BEGIN
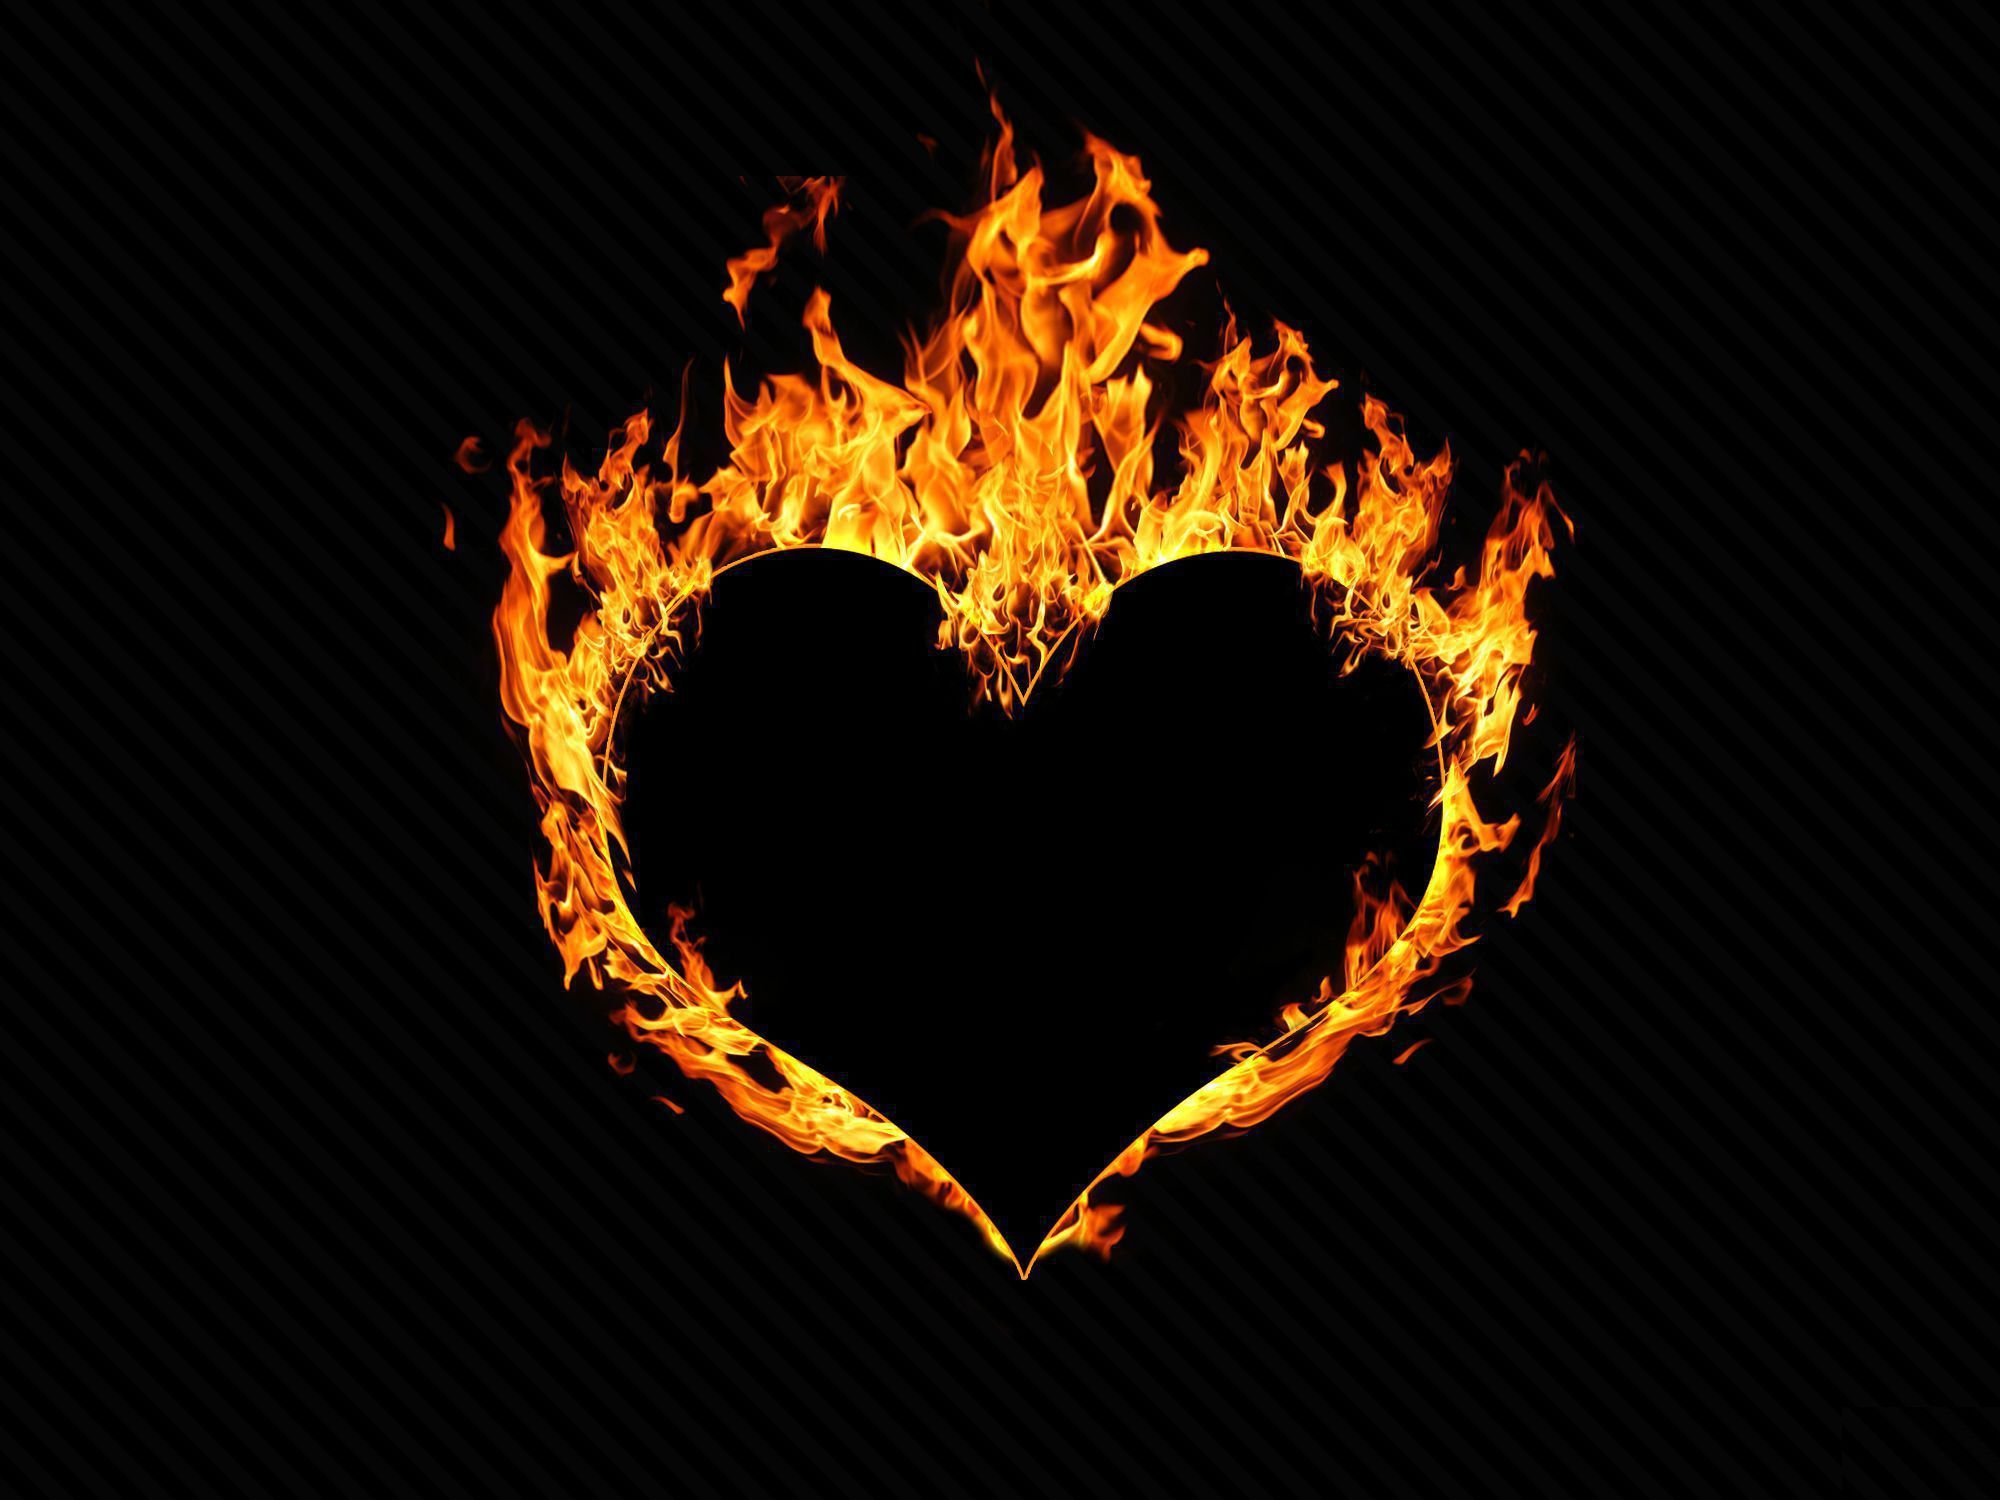 Burning Heart phone, desktop wallpaper .wallpaperdsc.net
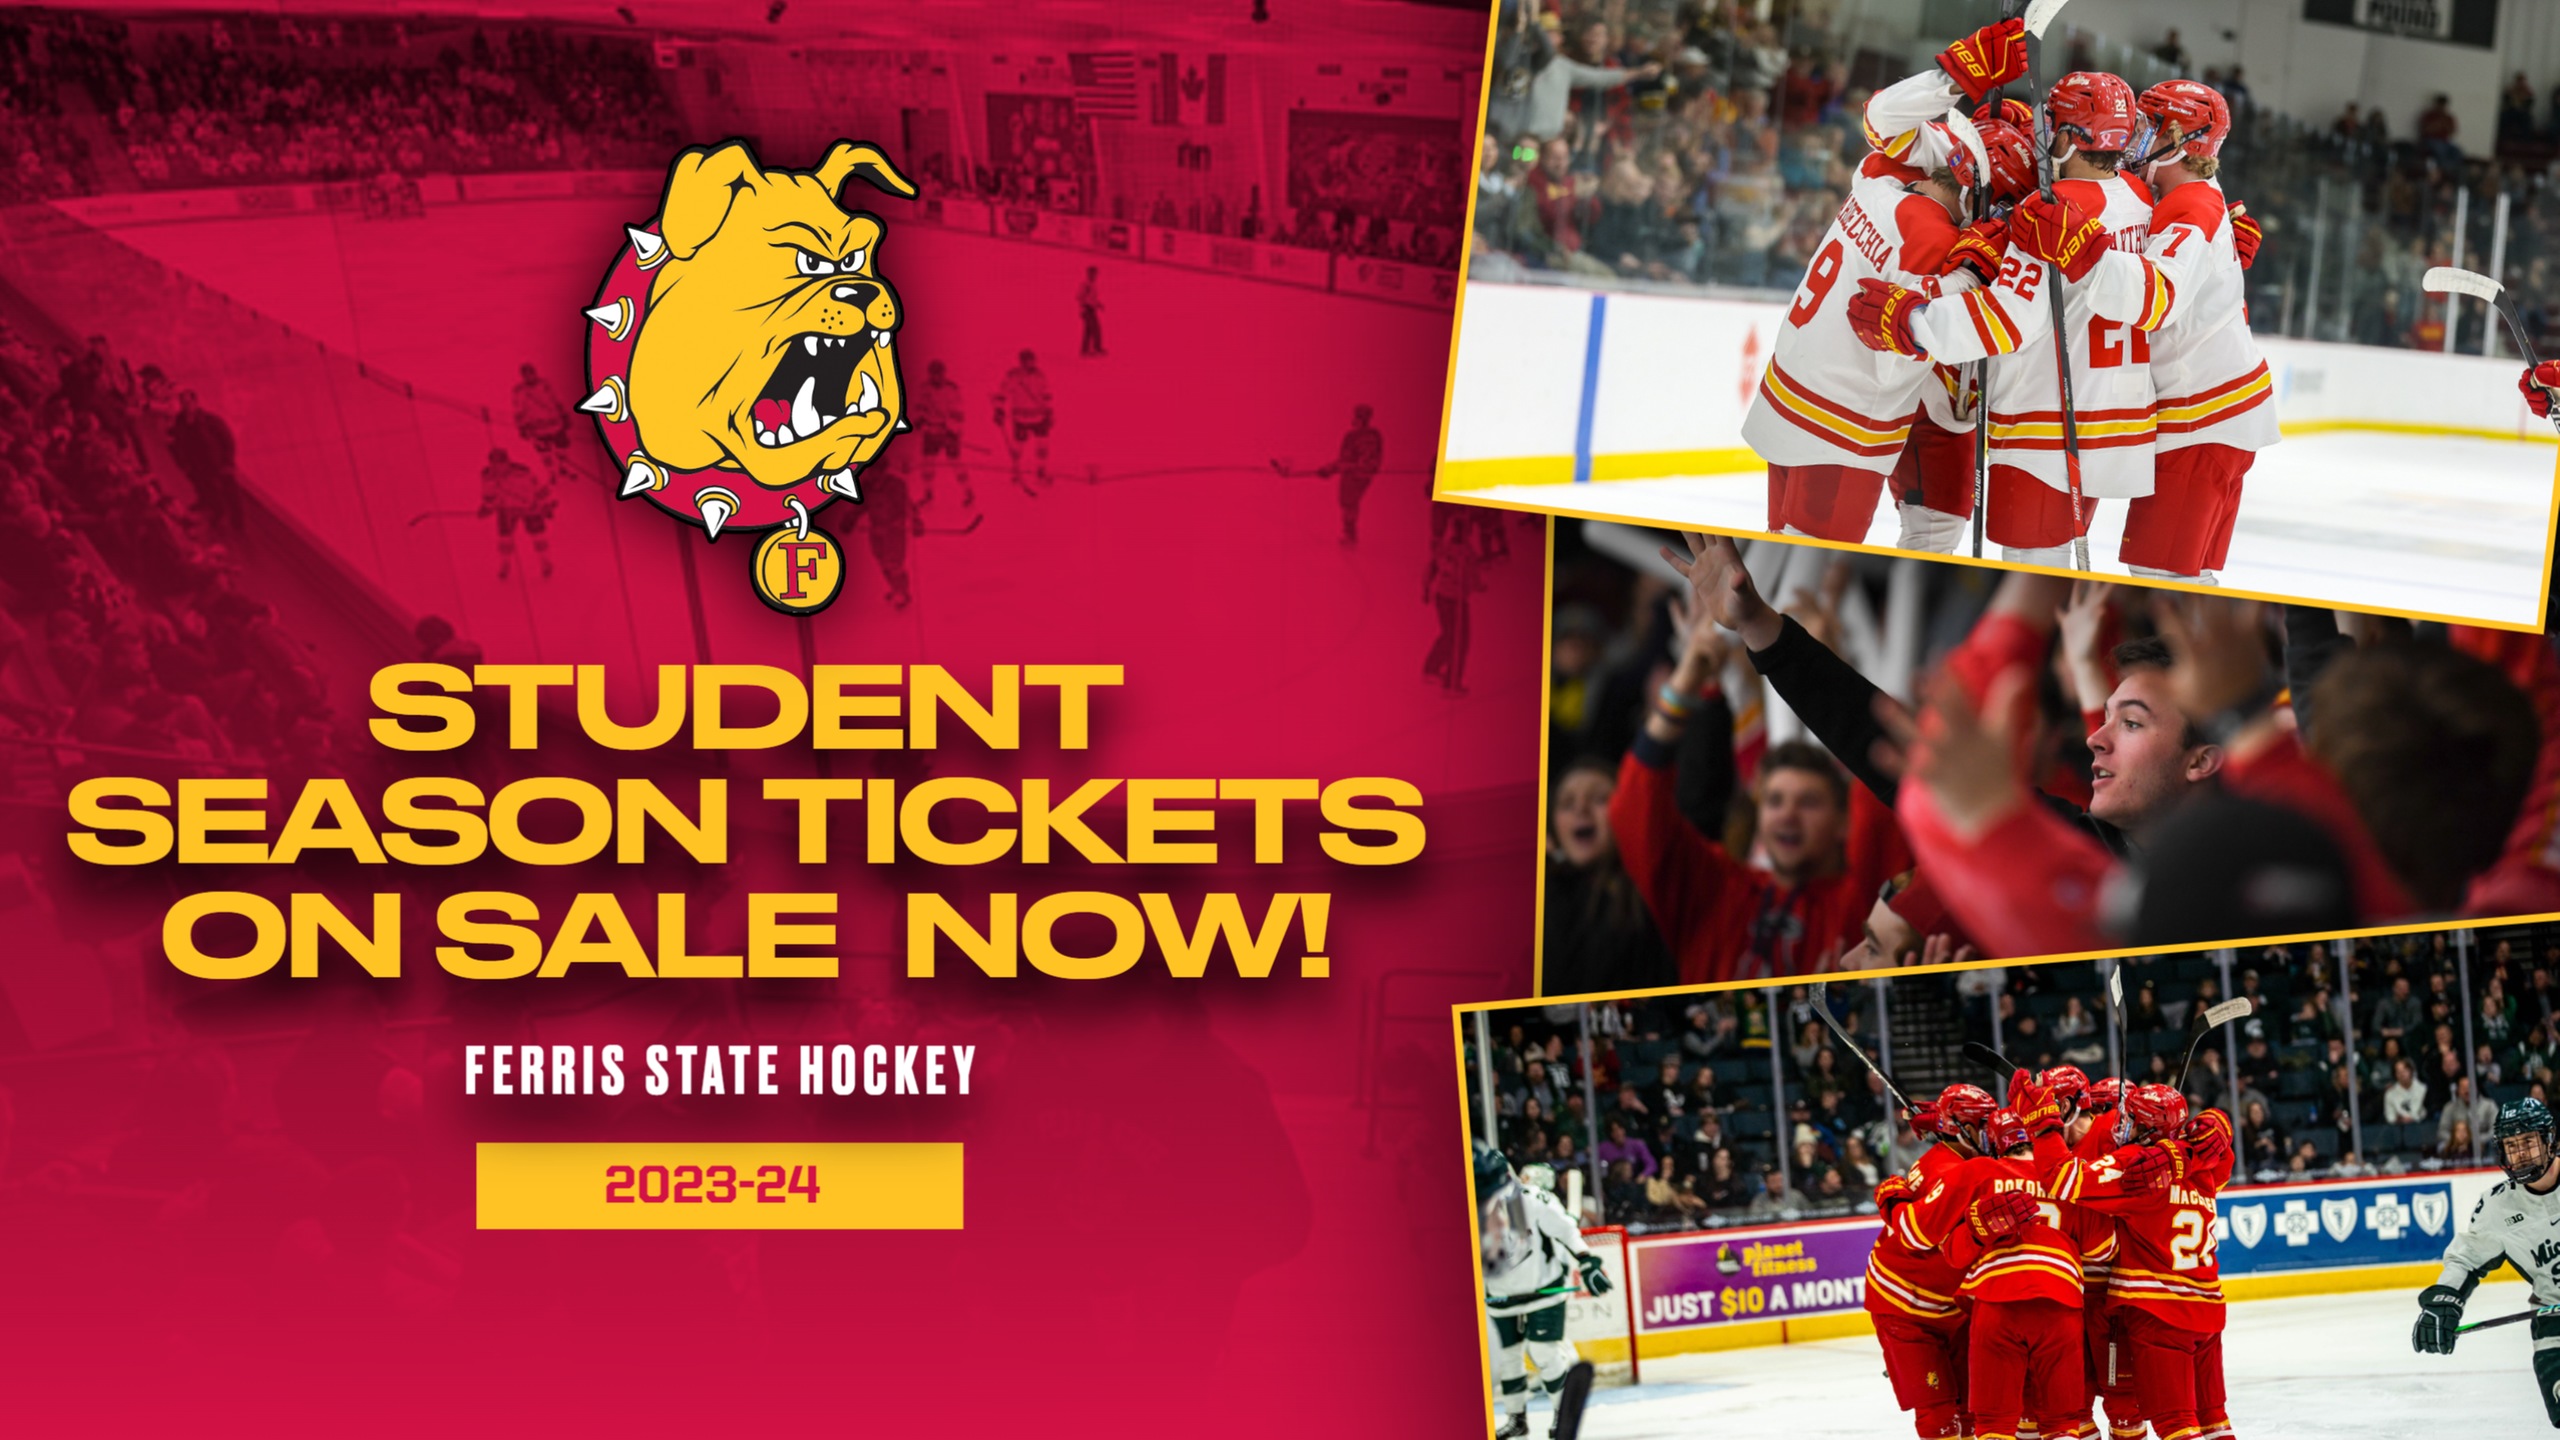 Ferris State Hockey Student Season Tickets On Sale Now!
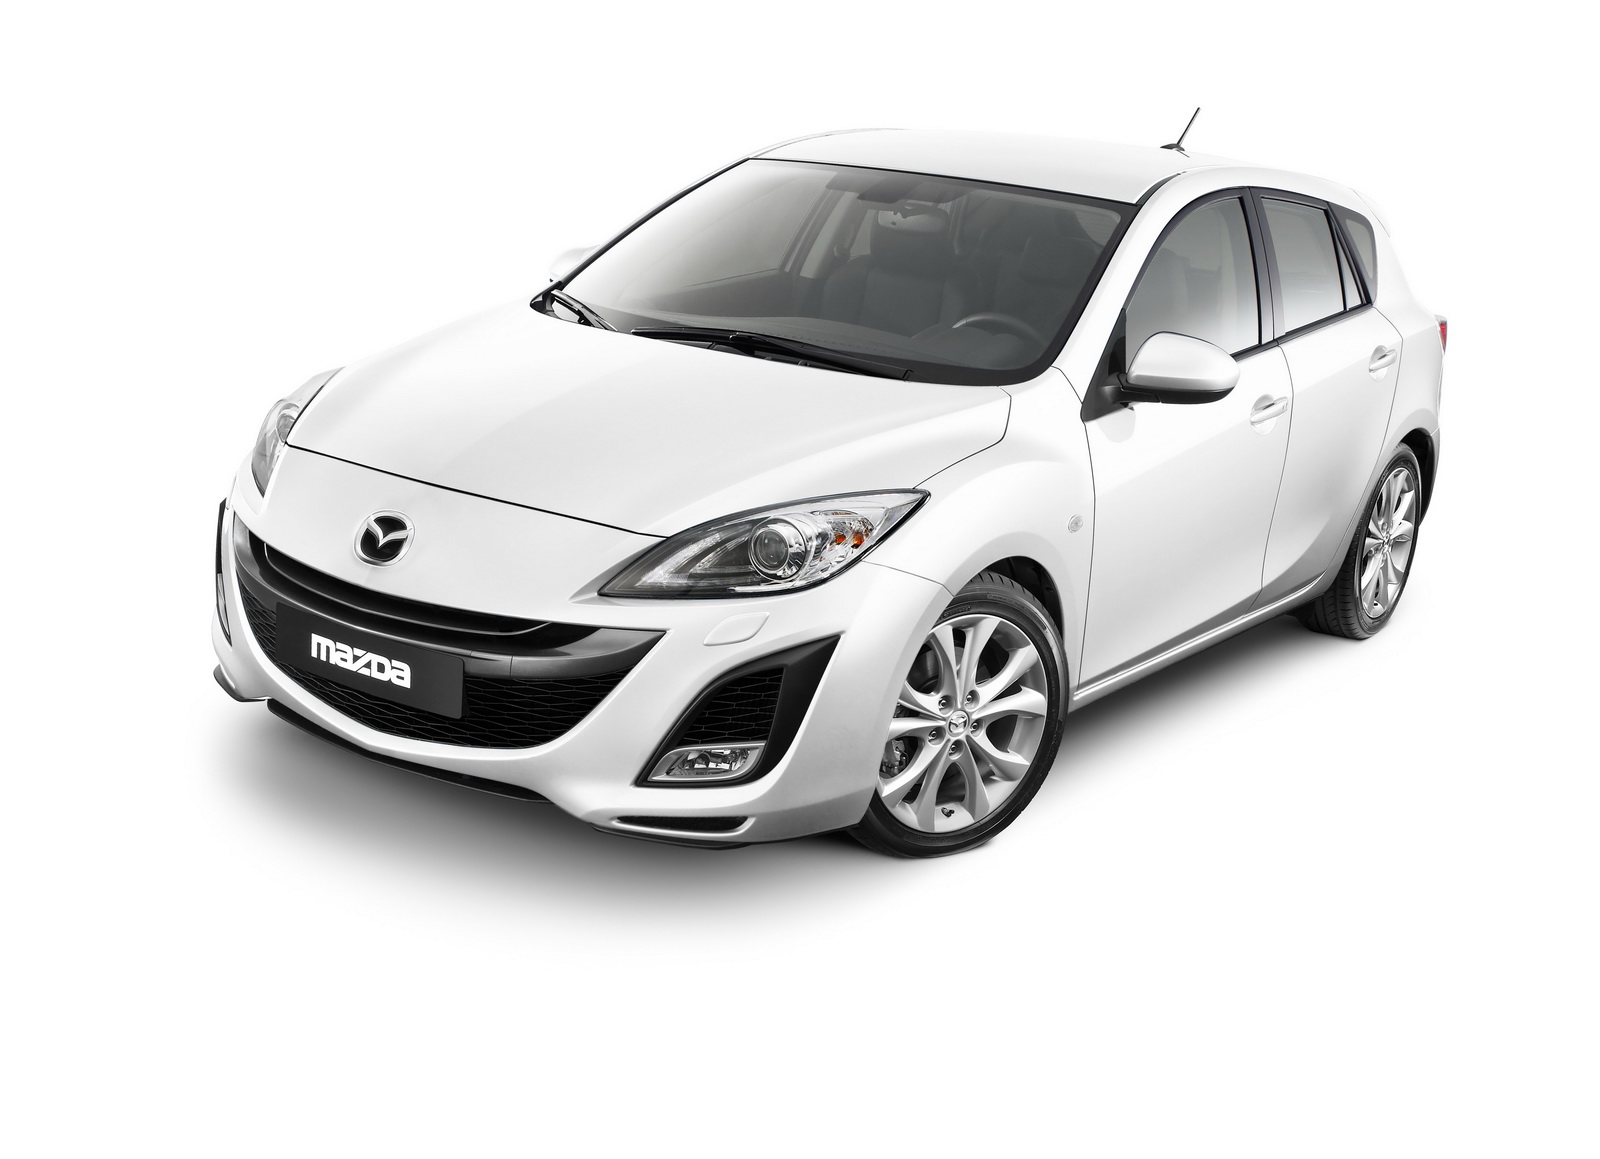 Mazda3 global production reaches three million units
END
• **What is required**:
Please give all of the material again, exactly, without the images.

• **Task solution**:
 Burning Heart phone, desktop wallpaper .wallpaperdsc.net
 Ferris State Hockey Student Season Tickets On Sale Now!
 Mazda3 global production reaches three million units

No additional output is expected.